Email's not the same. You can write more, indeed writing more's encouraged, but then the whole chain of communication becomes slow and is anything but instant. Twitter's not the same. The whole conversation's public, and I don't know about you but I'm not happy to broadcast my private thoughts like that. Texting's not the same. Even though you can only send a few words there's still a relatively lengthy delay between each message, and attempting to have any sort of meaningful conversation can take ages. Ditto most of the other browser-based messaging services that have arisen more recently. Once you press send it'll be at least a couple of minutes before the page refreshes and any response returns, and you can waste hours of your life hanging around that way.
The advance of mobile technology is also helping to make instant messaging obsolete. I blame smaller devices. Even if you're good at typing or tapping on a mobile, it's not as quick as using a full-size keyboard. Whereas people used to be able to dash off a long comment now they tend to write considerably less and so conversation dumbs down. And I blame always-on wifi. You'd think people would be more available to chat these days, but instead it only looks that way because mobiles stay logged on even when their owners aren't looking at them. And I blame apps. Mobiles and tablets aren't designed for multi-tasking, so attempting to watch a film or play a game or read a map AND manage an online conversation is doomed to fail.
I'm missing Messenger already. There used to be dozens of people I knew on there, and now there aren't. Indeed there were years when I only had to log into the system and some friend would pop up for a conversation, maybe several. Not any more. Now I can log in and nobody says hello at all, and nobody's there if I want to say hello back.
Let me quantify that sense of disassociation. I've checked out the 141 online Messenger contacts I've accumulated over the last decade, and how long ago it is since they last signed into the service. And it's quite a long time.
Signed in...
At 9pm last night: 2
In the last year: 24
In the last day: 5
In the last two years: 10
In the last week: 11
In the last three years: 21
In the last month: 14
Longer ago than that: 54
Some of these people I can still chat to in other ways, but most just blipped out one day never to return. Maybe they blocked me because I was boring. Maybe they gave up because the interface became flaky. But more than likely Messenger just fell off the list of their priorities, and with it so did I.

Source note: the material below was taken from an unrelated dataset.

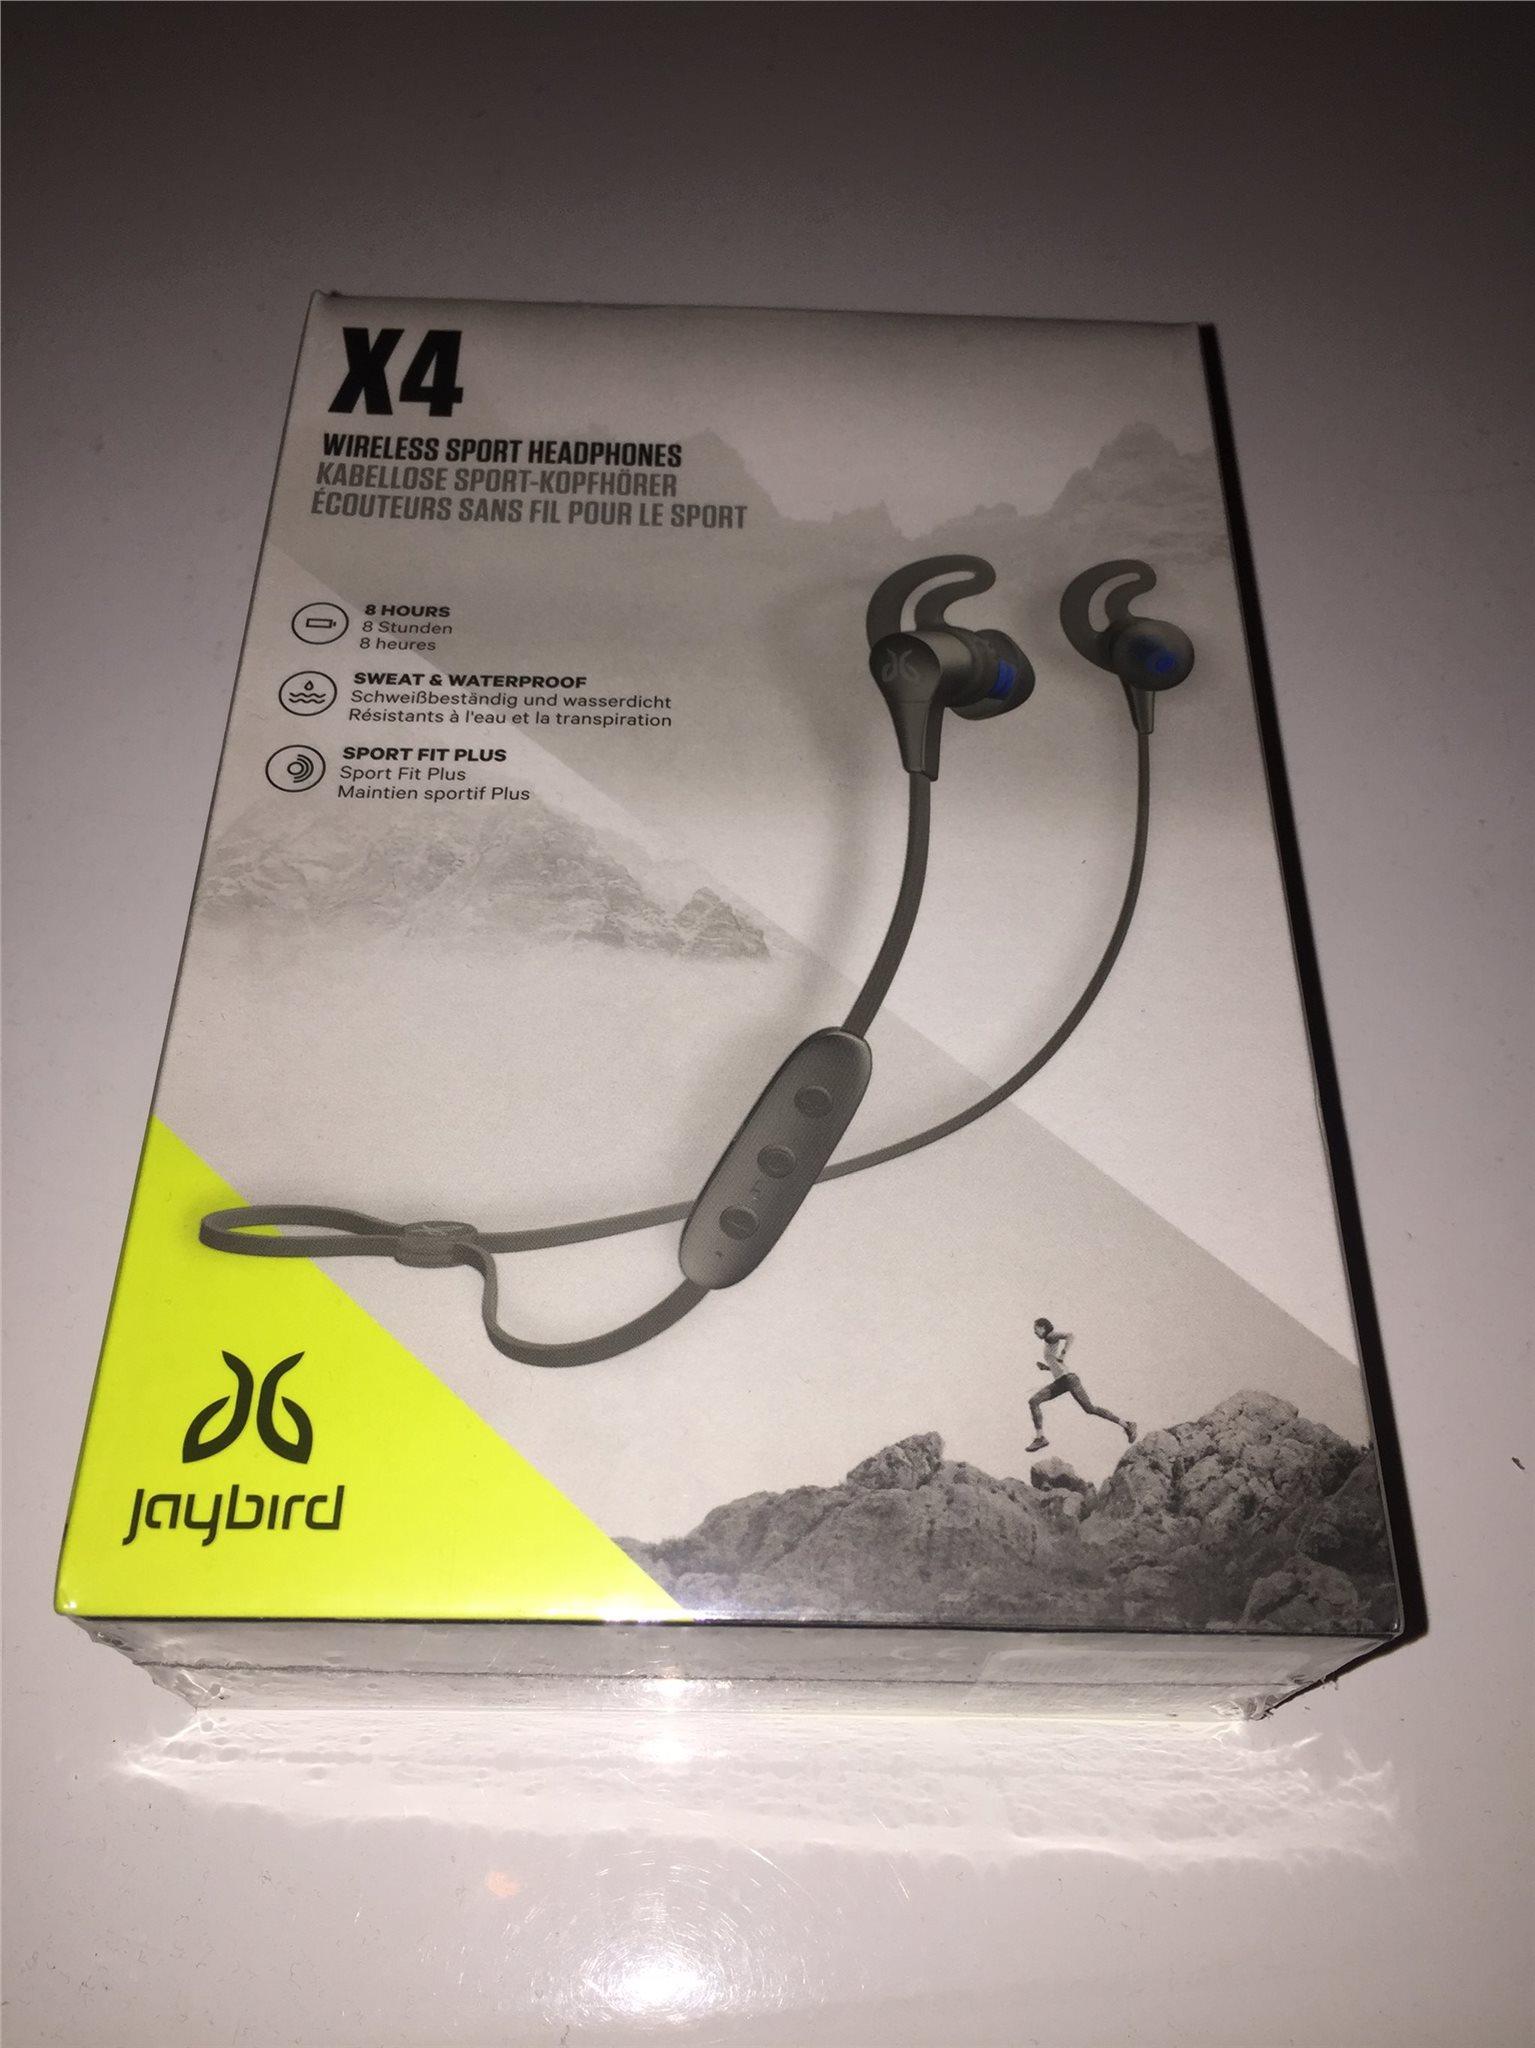 Jaybird X4 (trådlösa hörlurar) (336692025) ᐈ Köp på Tradera af947d88cfc0e

I don't expect you to have sympathy, especially when alternative platforms are available. I expect you to say "Pull yourself together Granddad and get with the programme". You're probably better at keeping in touch with people than I am, and/or more embracing of modern forms of communication. But I'm sorry that something simple and effective is being killed off (if indeed it wasn't semi-comatose already) as a company ditches its past to monetise its future. Rest assured I'll still be sitting here, but I may not speak to you soon.